**TASK GOAL**
Transcribe the data exactly, stopping after the "Edible Book Festival Online Voting" line.

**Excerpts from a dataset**
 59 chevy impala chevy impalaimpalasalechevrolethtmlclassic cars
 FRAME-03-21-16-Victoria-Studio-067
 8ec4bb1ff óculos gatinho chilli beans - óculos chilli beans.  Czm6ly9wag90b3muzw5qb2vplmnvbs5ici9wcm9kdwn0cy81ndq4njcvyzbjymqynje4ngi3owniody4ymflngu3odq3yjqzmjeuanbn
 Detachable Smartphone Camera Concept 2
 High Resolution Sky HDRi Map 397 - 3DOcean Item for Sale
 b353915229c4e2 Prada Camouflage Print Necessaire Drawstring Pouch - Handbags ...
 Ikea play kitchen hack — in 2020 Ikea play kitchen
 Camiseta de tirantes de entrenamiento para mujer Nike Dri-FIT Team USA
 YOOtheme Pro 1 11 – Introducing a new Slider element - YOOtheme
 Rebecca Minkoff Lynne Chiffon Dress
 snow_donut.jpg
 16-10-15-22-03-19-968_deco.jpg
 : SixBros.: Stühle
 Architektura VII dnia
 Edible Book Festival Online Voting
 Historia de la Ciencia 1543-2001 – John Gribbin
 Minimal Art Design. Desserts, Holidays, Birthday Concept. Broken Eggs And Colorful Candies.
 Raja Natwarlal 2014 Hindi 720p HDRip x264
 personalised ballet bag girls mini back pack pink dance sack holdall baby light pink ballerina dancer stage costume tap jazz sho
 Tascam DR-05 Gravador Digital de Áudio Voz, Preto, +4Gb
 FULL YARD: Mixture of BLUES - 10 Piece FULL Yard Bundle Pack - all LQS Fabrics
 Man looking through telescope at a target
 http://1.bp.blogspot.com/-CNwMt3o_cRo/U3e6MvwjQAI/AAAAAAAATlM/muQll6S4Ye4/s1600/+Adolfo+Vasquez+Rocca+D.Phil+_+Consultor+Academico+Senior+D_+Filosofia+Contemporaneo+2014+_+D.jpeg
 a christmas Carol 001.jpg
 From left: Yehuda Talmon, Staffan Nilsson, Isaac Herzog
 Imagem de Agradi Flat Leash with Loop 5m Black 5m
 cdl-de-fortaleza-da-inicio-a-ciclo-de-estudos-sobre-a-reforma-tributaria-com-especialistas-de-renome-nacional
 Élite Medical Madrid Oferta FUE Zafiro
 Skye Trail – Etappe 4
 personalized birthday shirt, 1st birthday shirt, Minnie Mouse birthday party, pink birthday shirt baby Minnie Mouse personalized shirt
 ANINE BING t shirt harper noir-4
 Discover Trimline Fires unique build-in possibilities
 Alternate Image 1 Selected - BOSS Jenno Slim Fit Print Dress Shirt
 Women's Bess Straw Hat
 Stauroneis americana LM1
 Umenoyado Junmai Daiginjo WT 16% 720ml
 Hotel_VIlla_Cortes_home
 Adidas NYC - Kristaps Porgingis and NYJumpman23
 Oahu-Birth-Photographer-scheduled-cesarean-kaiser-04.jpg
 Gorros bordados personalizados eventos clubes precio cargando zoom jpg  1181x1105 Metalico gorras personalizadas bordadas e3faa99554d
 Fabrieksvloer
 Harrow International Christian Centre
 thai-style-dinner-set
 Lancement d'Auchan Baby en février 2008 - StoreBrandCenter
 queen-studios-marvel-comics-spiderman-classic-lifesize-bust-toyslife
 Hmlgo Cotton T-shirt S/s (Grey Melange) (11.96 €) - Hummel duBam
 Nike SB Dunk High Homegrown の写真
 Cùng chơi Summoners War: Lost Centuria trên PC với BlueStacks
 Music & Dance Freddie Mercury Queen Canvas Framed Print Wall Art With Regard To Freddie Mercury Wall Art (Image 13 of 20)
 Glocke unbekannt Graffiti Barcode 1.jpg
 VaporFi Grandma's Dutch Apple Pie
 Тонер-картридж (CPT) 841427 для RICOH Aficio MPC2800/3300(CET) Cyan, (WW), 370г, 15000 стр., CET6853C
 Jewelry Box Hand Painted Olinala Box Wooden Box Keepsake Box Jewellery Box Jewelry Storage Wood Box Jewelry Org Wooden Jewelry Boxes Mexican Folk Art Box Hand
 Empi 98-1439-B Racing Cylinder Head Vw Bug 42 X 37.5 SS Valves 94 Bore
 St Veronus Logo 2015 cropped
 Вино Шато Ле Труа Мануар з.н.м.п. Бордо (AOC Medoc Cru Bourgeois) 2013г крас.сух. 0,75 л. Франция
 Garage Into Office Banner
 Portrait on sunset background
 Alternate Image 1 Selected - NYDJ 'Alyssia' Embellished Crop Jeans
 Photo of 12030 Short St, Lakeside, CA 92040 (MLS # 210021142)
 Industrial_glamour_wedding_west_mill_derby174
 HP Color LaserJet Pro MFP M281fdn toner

**TASK OUTPUT**
 59 chevy impala chevy impalaimpalasalechevrolethtmlclassic cars
 FRAME-03-21-16-Victoria-Studio-067
 8ec4bb1ff óculos gatinho chilli beans - óculos chilli beans.  Czm6ly9wag90b3muzw5qb2vplmnvbs5ici9wcm9kdwn0cy81ndq4njcvyzbjymqynje4ngi3owniody4ymflngu3odq3yjqzmjeuanbn
 Detachable Smartphone Camera Concept 2
 High Resolution Sky HDRi Map 397 - 3DOcean Item for Sale
 b353915229c4e2 Prada Camouflage Print Necessaire Drawstring Pouch - Handbags ...
 Ikea play kitchen hack — in 2020 Ikea play kitchen
 Camiseta de tirantes de entrenamiento para mujer Nike Dri-FIT Team USA
 YOOtheme Pro 1 11 – Introducing a new Slider element - YOOtheme
 Rebecca Minkoff Lynne Chiffon Dress
 snow_donut.jpg
 16-10-15-22-03-19-968_deco.jpg
 : SixBros.: Stühle
 Architektura VII dnia
 Edible Book Festival Online Voting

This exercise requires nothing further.